Assignment:
Your answer must be a word-for-word copy of the listing below, minus its pictures.

Data shown:
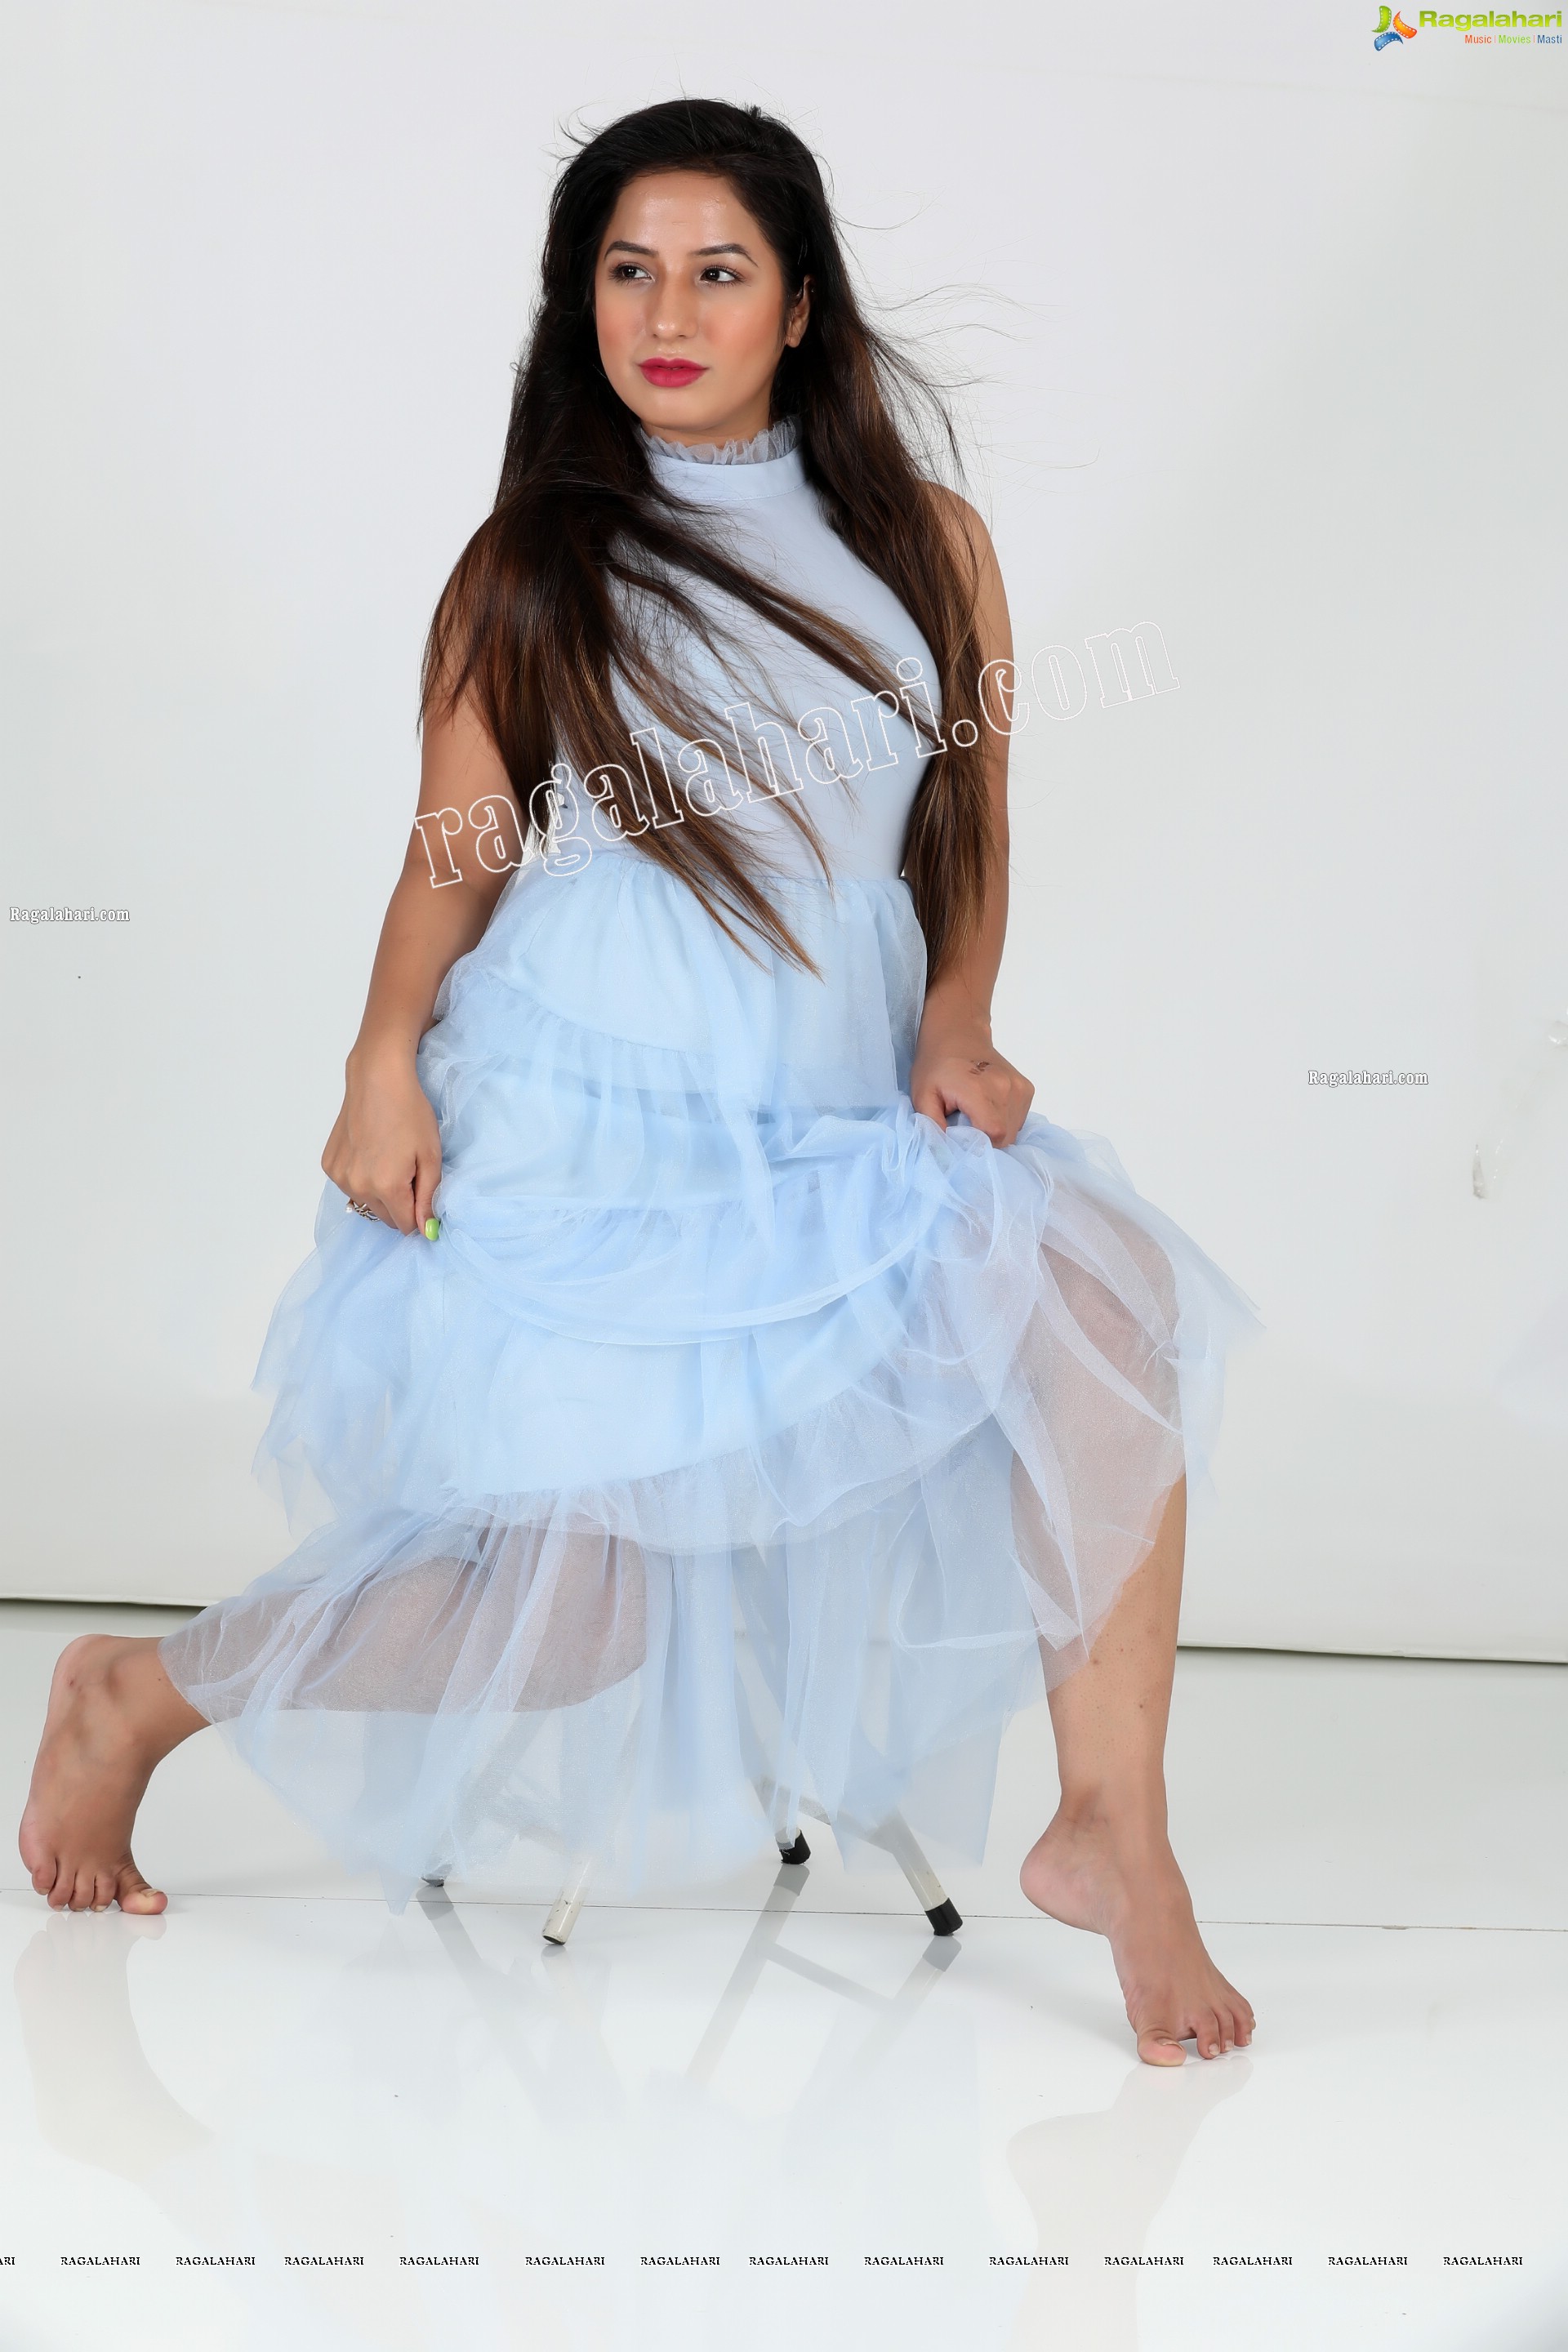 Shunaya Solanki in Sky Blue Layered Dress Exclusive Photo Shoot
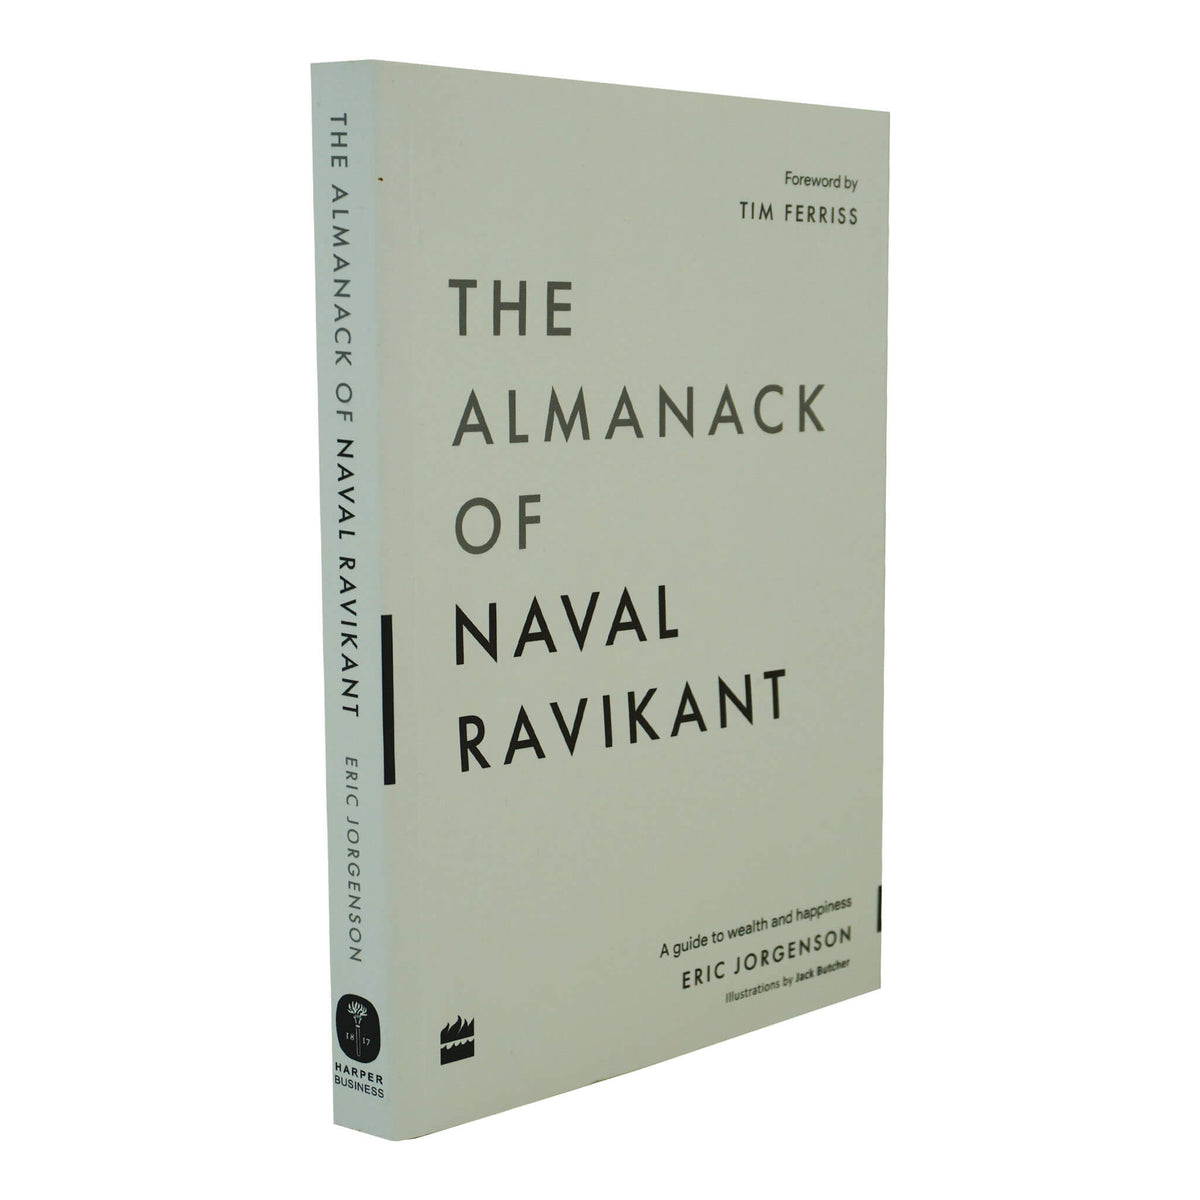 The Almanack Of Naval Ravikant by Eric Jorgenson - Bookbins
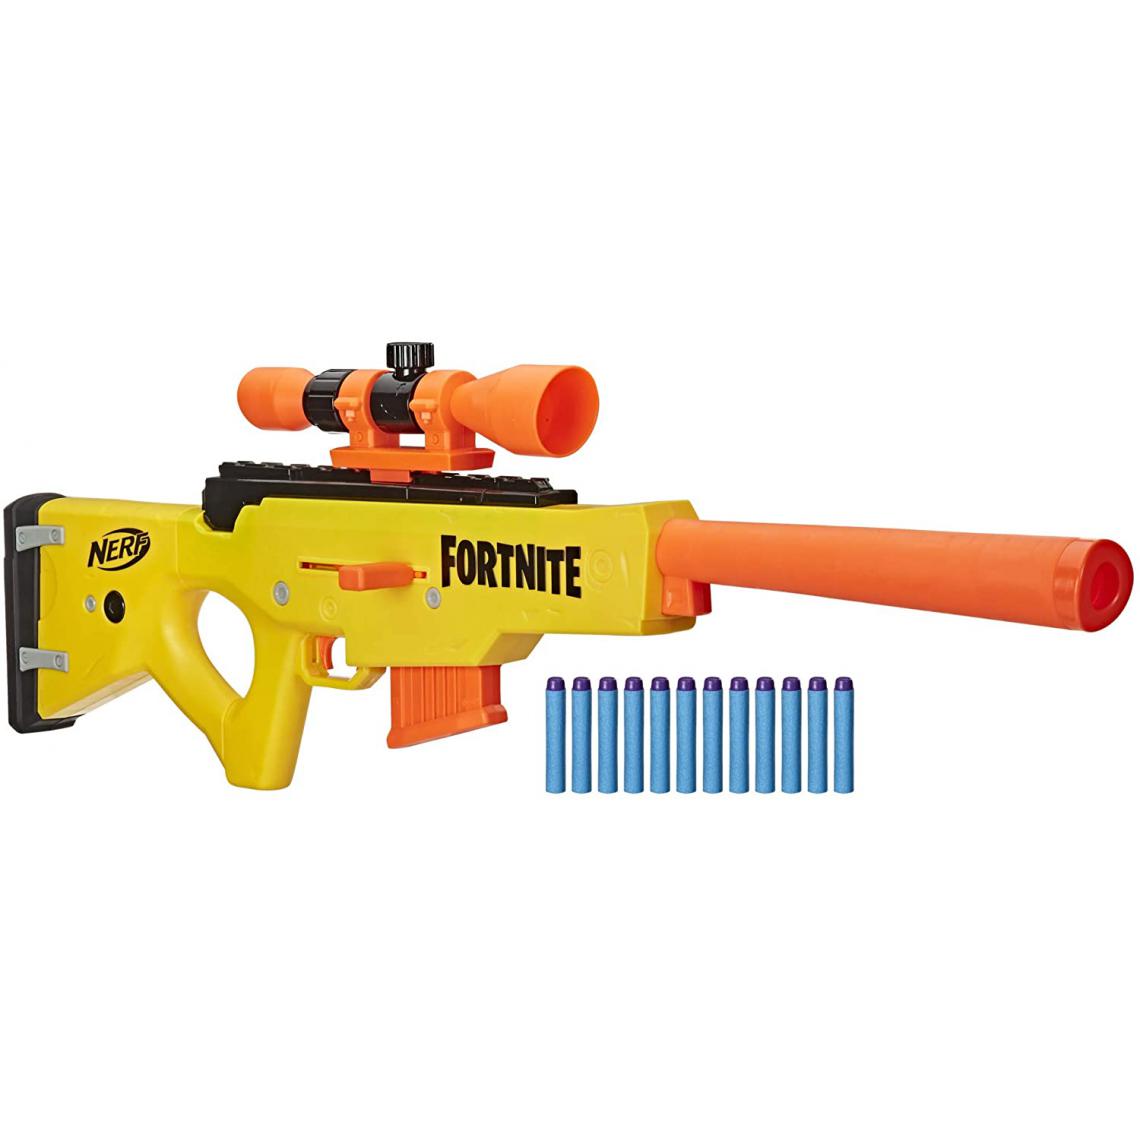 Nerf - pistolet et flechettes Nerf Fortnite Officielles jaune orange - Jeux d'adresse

Task result:
 Shunaya Solanki in Sky Blue Layered Dress Exclusive Photo Shoot
 The Almanack Of Naval Ravikant by Eric Jorgenson - Bookbins
 Nerf - pistolet et flechettes Nerf Fortnite Officielles jaune orange - Jeux d'adresse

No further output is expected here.